Bharat Forge’s journey into India’s defence manufacturing sector stands as a testament to the transformative impact of the ‘Make in India’ initiative. Chairman Baba Kalyani recently recounted the company’s early struggles and eventual breakthrough, highlighting how entrenched scepticism and policy barriers once stifled indigenous innovation.
In 2012, Bharat Forge exhibited its first artillery gun at a defence expo in Delhi, only to be met with disbelief and even ridicule from the military establishment. “A lot of army guys walked by, some laughed at it.
Not a single guy stopped to even see what the hell it was,” Kalyani recalled. The prevailing mindset was that only foreign suppliers or public sector units could deliver such complex systems, leaving private Indian firms on the sidelines.
Kalyani’s inspiration to diversify into defence stemmed from the aftermath of the 2008 financial crisis and his personal connections to the armed forces. Recognising that artillery guns are fundamentally products of advanced forging and metallurgy—areas where Bharat Forge already excelled—he questioned why India could not leverage its own expertise to build such equipment.
However, the policy landscape was hostile to private sector participation. Despite a full technology transfer from Sweden’s Bofors in the 1980s, the government restricted defence manufacturing to state-run entities, locking out private innovators like Bharat Forge. Kalyani’s direct appeals to policymakers, including a 2011 meeting with then Prime Minister Manmohan Singh and Defence Minister AK Antony, were met with indifference and no follow-up.
This climate of exclusion persisted until a major policy shift under the Narendra Modi-led government. The launch of the ‘Make in India’ campaign in December 2014 marked a turning point. Kalyani was involved in drafting new policy inputs at a defence conclave that year, setting the stage for reforms that would open the sector to private players.

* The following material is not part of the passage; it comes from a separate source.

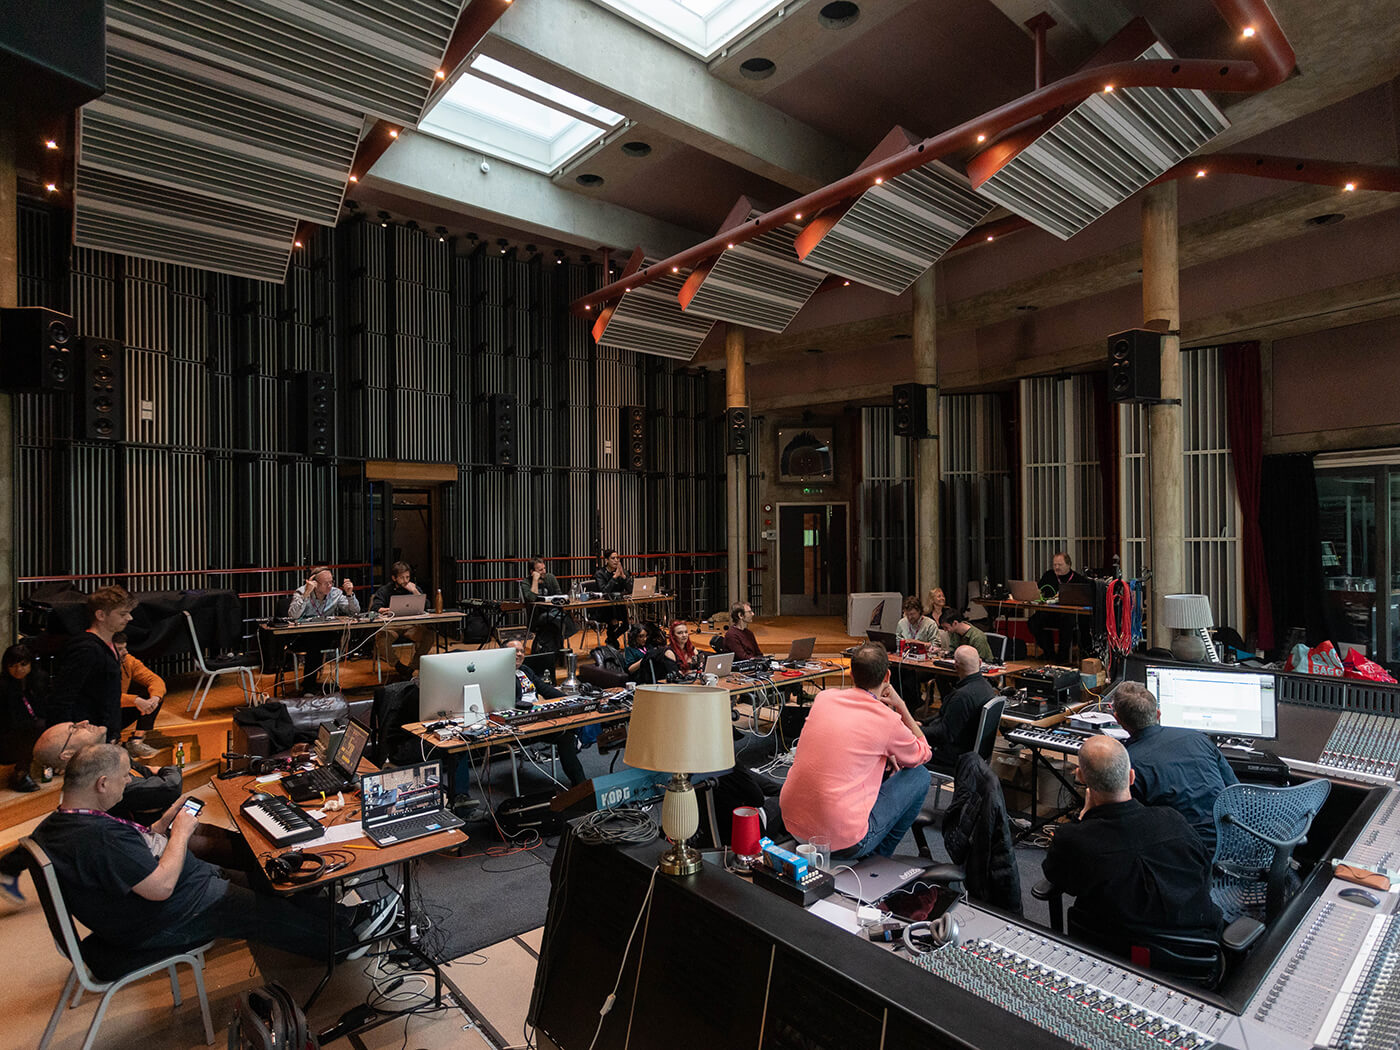 The Big Room at Real World Studios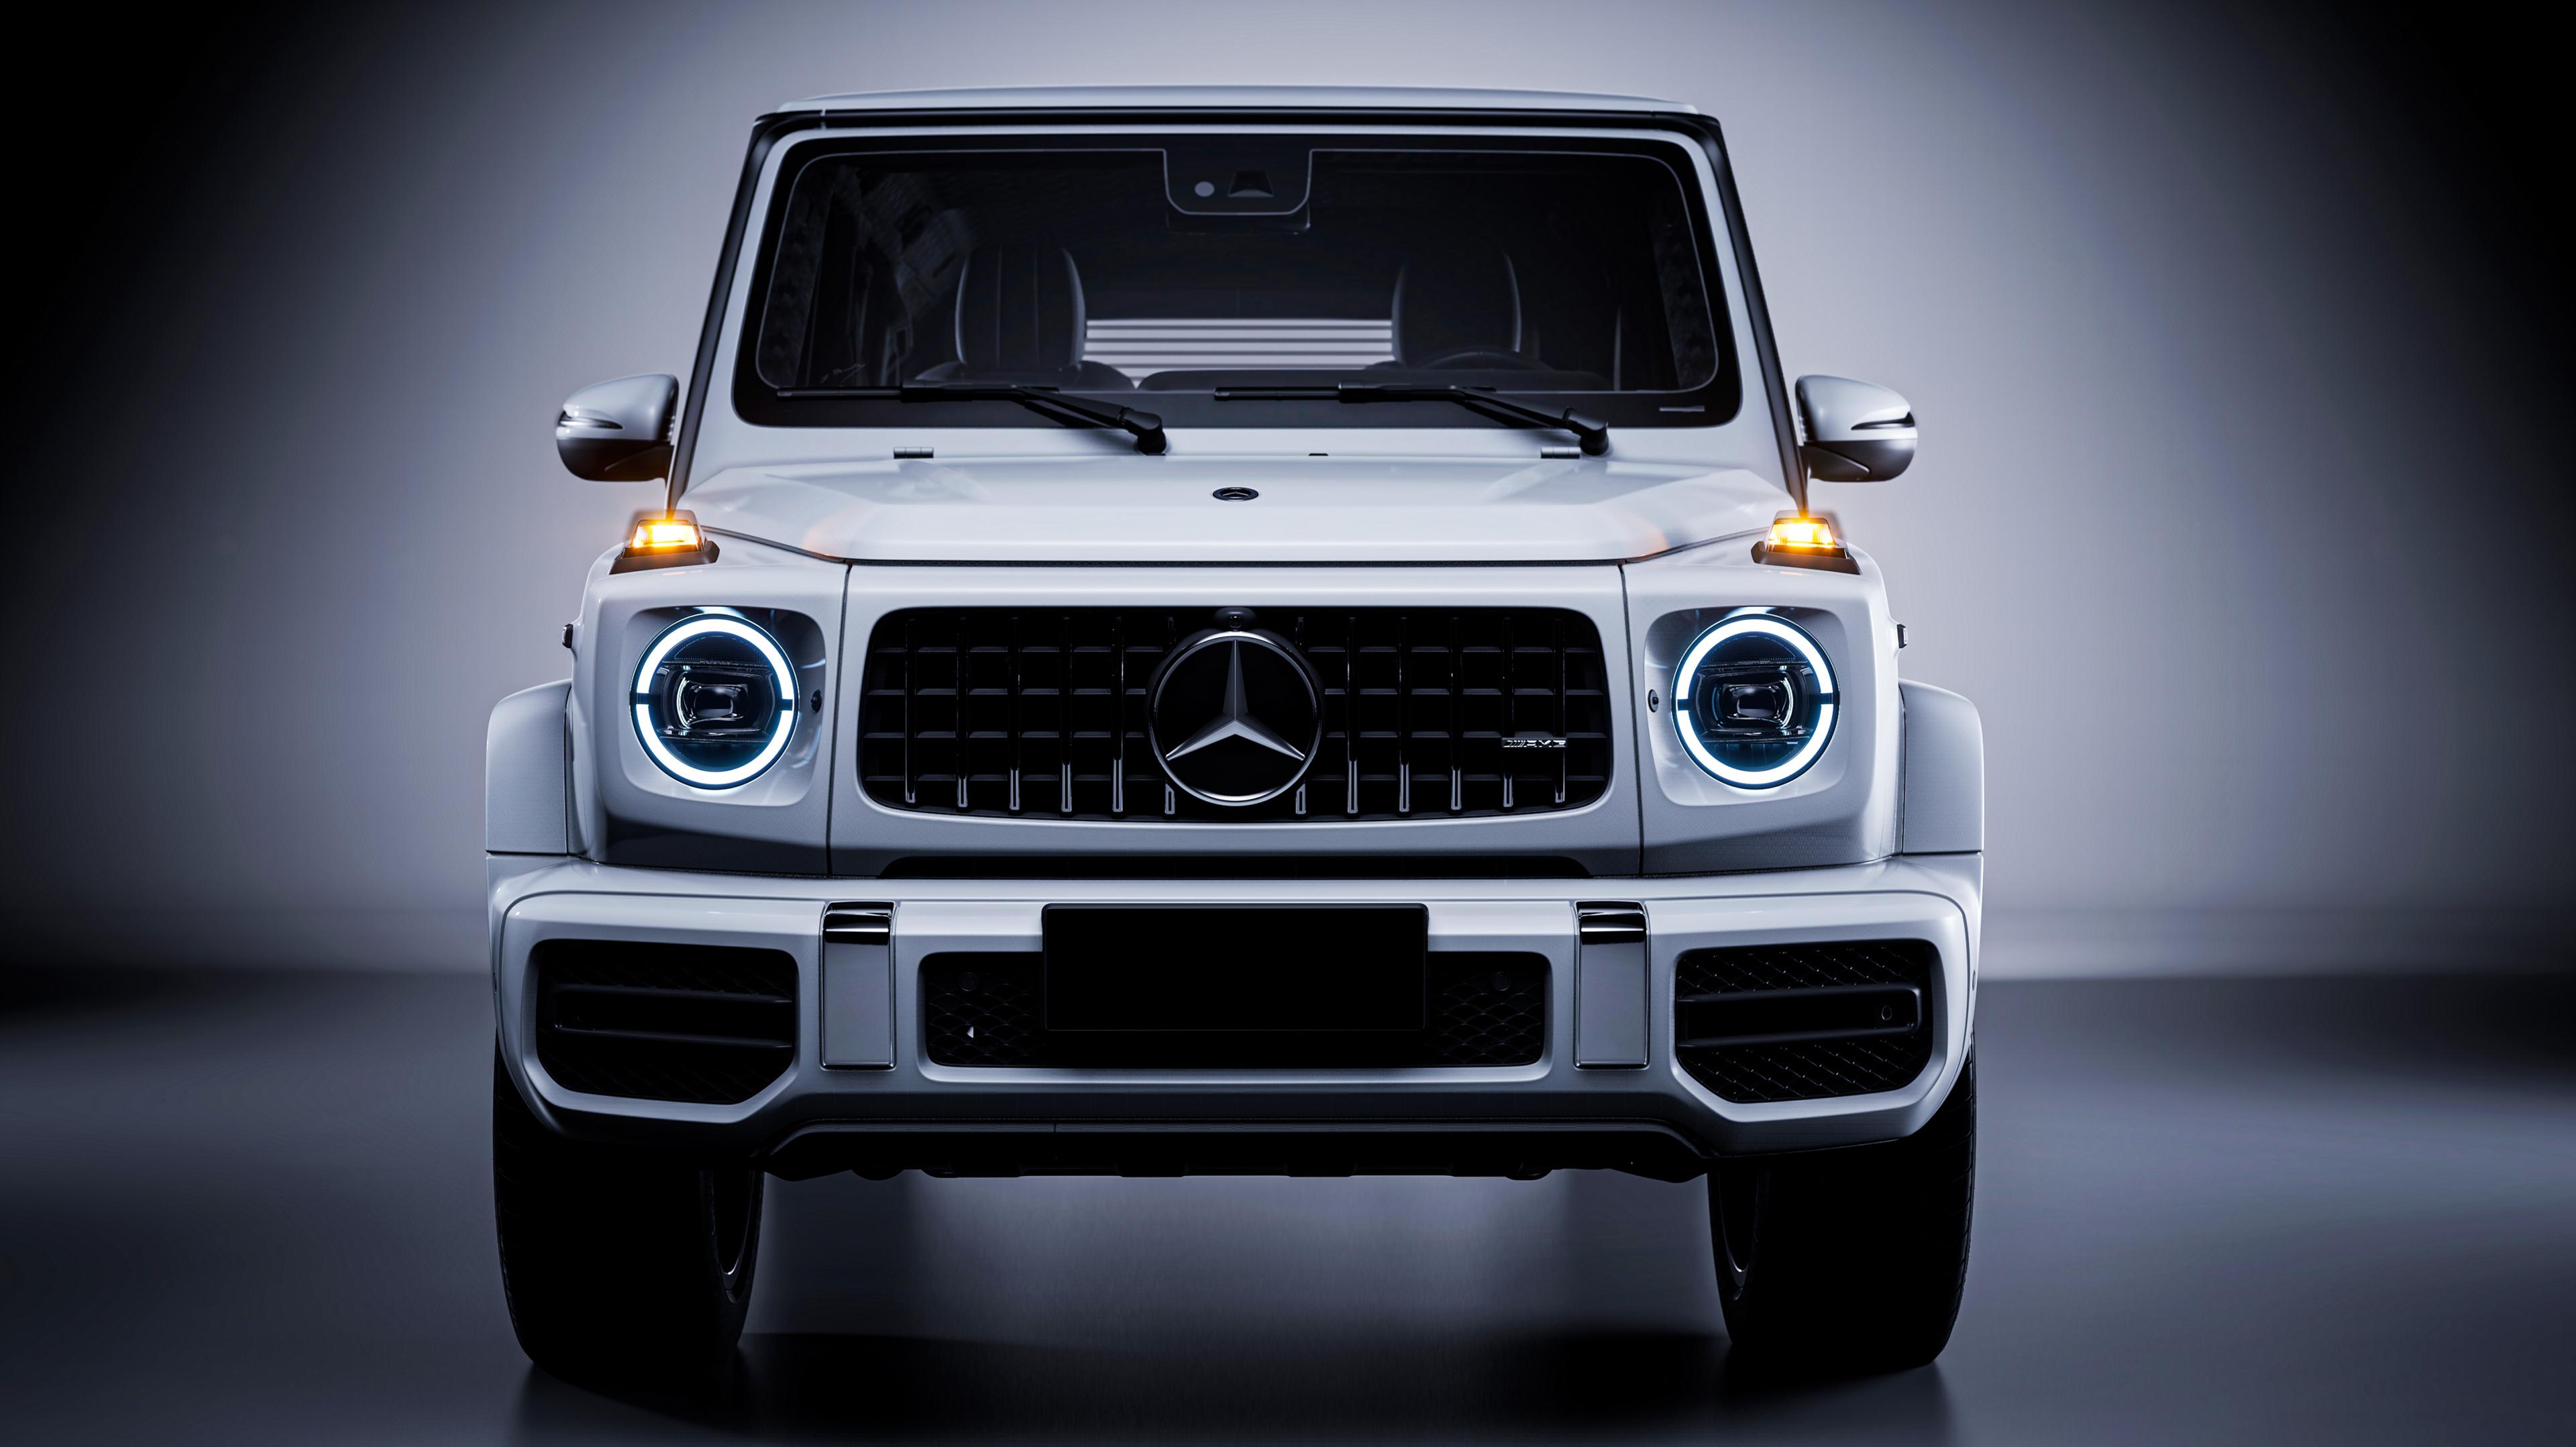 mercedes benz g 63 white 4k 1608910461 - Mercedes Benz G 63 White 4k - Mercedes Benz G 63 White 4k wallpapers

The real breakthrough came with Defence Minister Manohar Parrikar’s overhaul of the Defence Procurement Procedure in 2016, which streamlined processes and addressed long-standing implementation challenges.
Kalyani argues that India’s earlier reluctance to involve private enterprise allowed countries like China and South Korea to surge ahead in defence technology. Innovation, he says, was stifled by bureaucratic red tape and a public sector monopoly that prioritised paperwork over creativity.
The shift to a more open, competitive environment enabled Bharat Forge to leverage its metallurgical strengths, offering artillery guns at half the price of imports—demonstrating not just cost savings but also indigenous capability.
Today, Bharat Forge’s artillery systems, once dismissed and ignored, have become symbols of India’s strategic self-reliance and industrial ambition. Defence manufacturing is now a core business vertical for the company, with its products made entirely in India using domestic materials and expertise. The transformation, Kalyani emphasises, was driven as much by private conviction and perseverance as by policy reform. “We had the tech, we had the price advantage—but no one believed. Now they do,” he concluded.
Bharat Forge’s story underscores how the ‘Make in India’ initiative catalysed a broader revolution in the country’s defence sector, unlocking potential that had long been suppressed by policy inertia and institutional scepticism.